À ces mots, les papas, justement émus, se lèvent en murmurant et veulent quitter la chapelle avec éclat. Les sœurs de Saint-Joseph essaient de les calmer pendant que la mère-abbesse gravit les degrés de la chaire et veut faire comprendre à M. le curé qu’il dit des bêtises.


— « Des bêtises ! exclame l’autre. Tenez, vous me faites suer des lames de rasoir… Si je vous racontais l’histoire de Suzanne et des deux vieillards, vous en entendriez bien d’autres… Mais je préfère revenir à Lucie…

— » À la porte, le pochard ! fait un auditeur.

— » Pochard ? vous m’appelez pochard ? répondit le prédicateur indigné. Eh bien ! vous pouvez vous vanter d’avoir un fameux toupet !… Et quand j’aurais une cuite, est-ce que cela vous regarde ?… Vous me la faites forte !… Avec ça que les apôtres se privaient de boire ! Comme on voit bien que vous ne connaissez pas l’Évangile, tas d’hérétiques !… Et les noces de Cana, alors ? Vous n’en avez jamais entendu parler peut-être, des noces de Cana ?… Il n’y avait plus de vin… Rien que de l’eau, mes frères !… Avouez que ça aurait été rudement bête de finir un festin avec de l’eau… Jésus a changé l’eau en vin… Et il a bien fait !… je l’approuve… je ne sais pas si c’était du bordeaux… mais il paraît que tout le monde s’en est léché les doigts… »

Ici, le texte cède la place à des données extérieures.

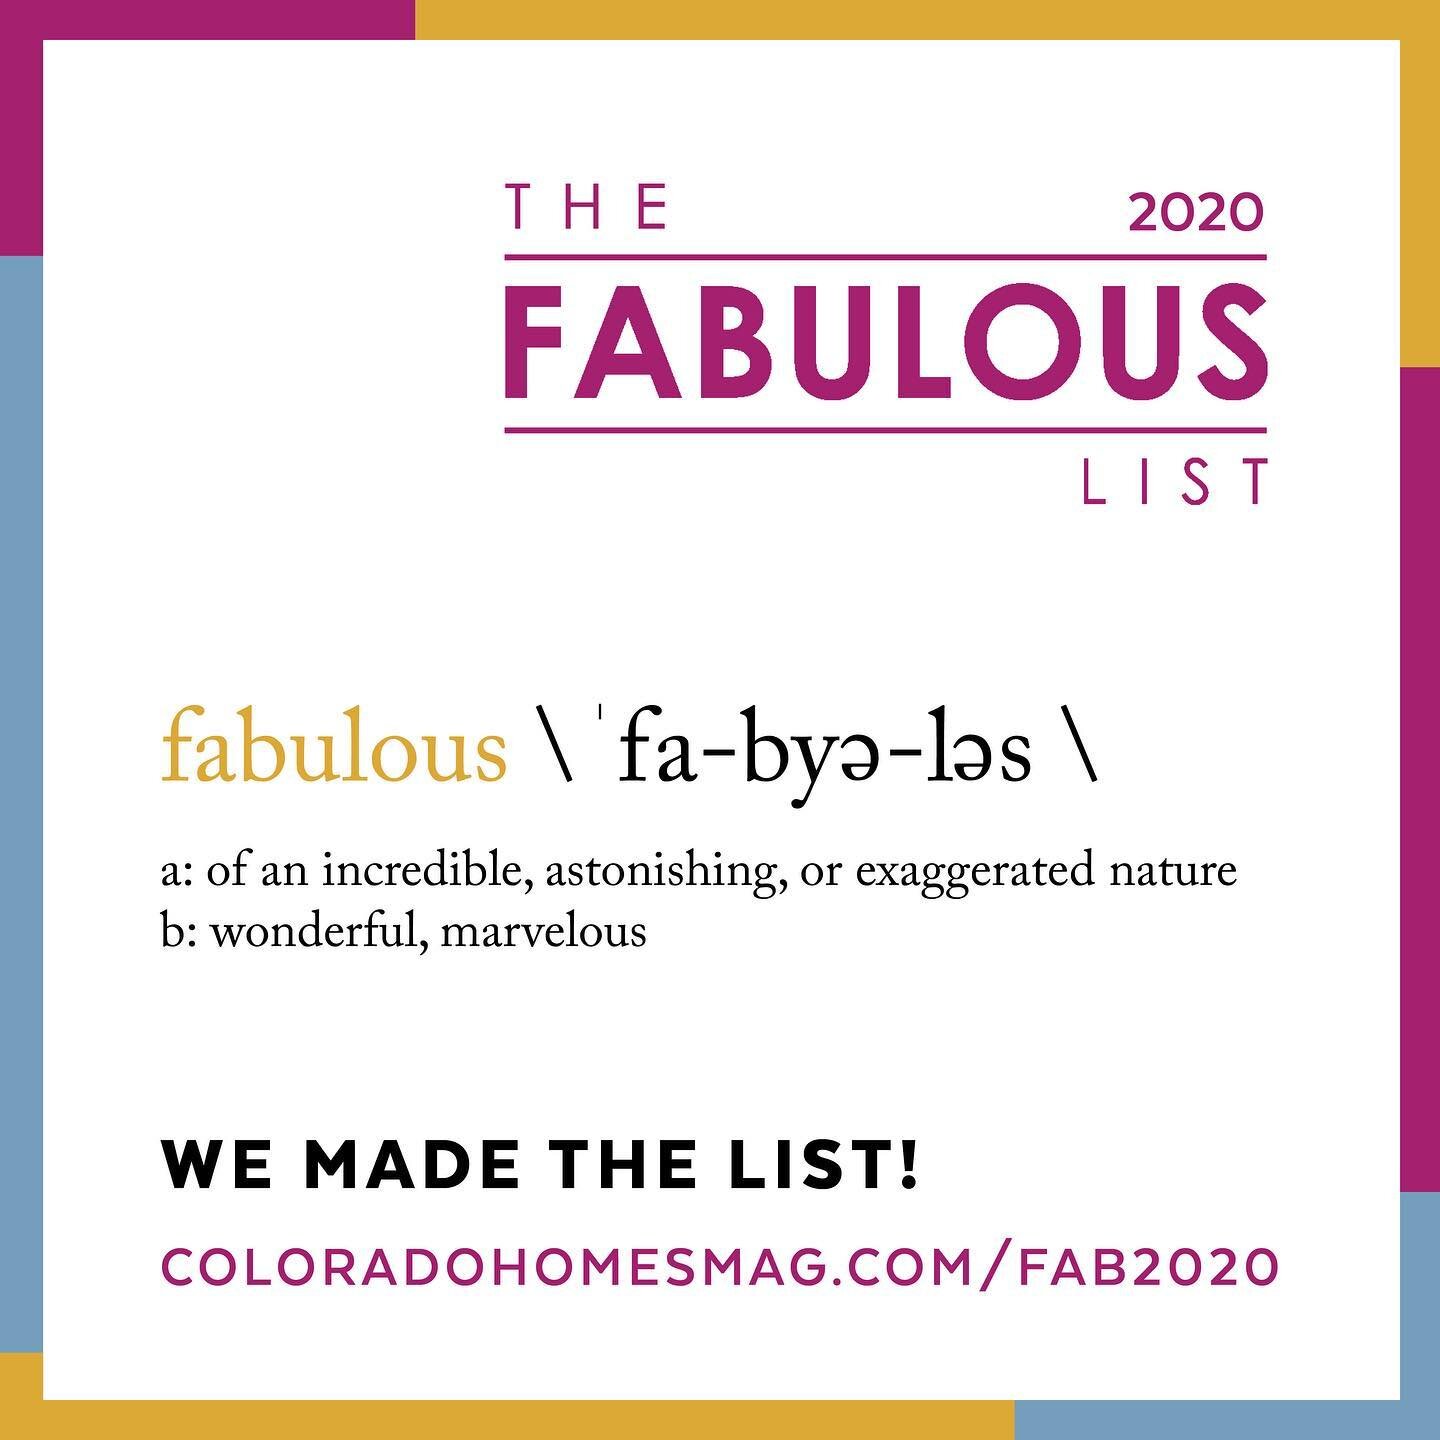 We&rsquo;re FABULOUS! We are proud to be among the honorees on the 2020 Colorado Homes &amp; Lifestyles Fabulous List. See the full article at coloradohomesmag.com/Fab2020. #FabulousList2020 #CHLFabulous

— « Assez ! enlevez-le ! » hurla la foule indignée. Et voilà M. le curé qui est obligé de descendre de la chaire et de remettre la suite de son sermon à une autre fois.

Je n’ai pas besoin de vous dire, chers lecteurs, que tous les journaux ennemis de la religion se sont empressés de reproduire — d’une manière moins détaillée que la mienne, il est vrai, — les péripéties de ce sermon épique, l’accompagnant de réflexions très-peu flatteuses pour le prédicateur empégué.

Pour moi, au risque de m’attirer la désapprobation de mes confrères républicains, j’avoue que ce curé du Grand-Quévilly me botte, j’aurais donné cent sous pour l’entendre. Et je l’aurais applaudi, s’il vous plaît !

Dame ! il faut bien que l’on sache que les prêtres lèvent le coude tout comme les autres et qu’un sermon dans le style ci-dessus est mille fois plus instructif que tous ceux de Bourdaloue.

In vino veritas. Grattez un curé pochard, et vous verrez à quoi il pense quand il est de sang-froid.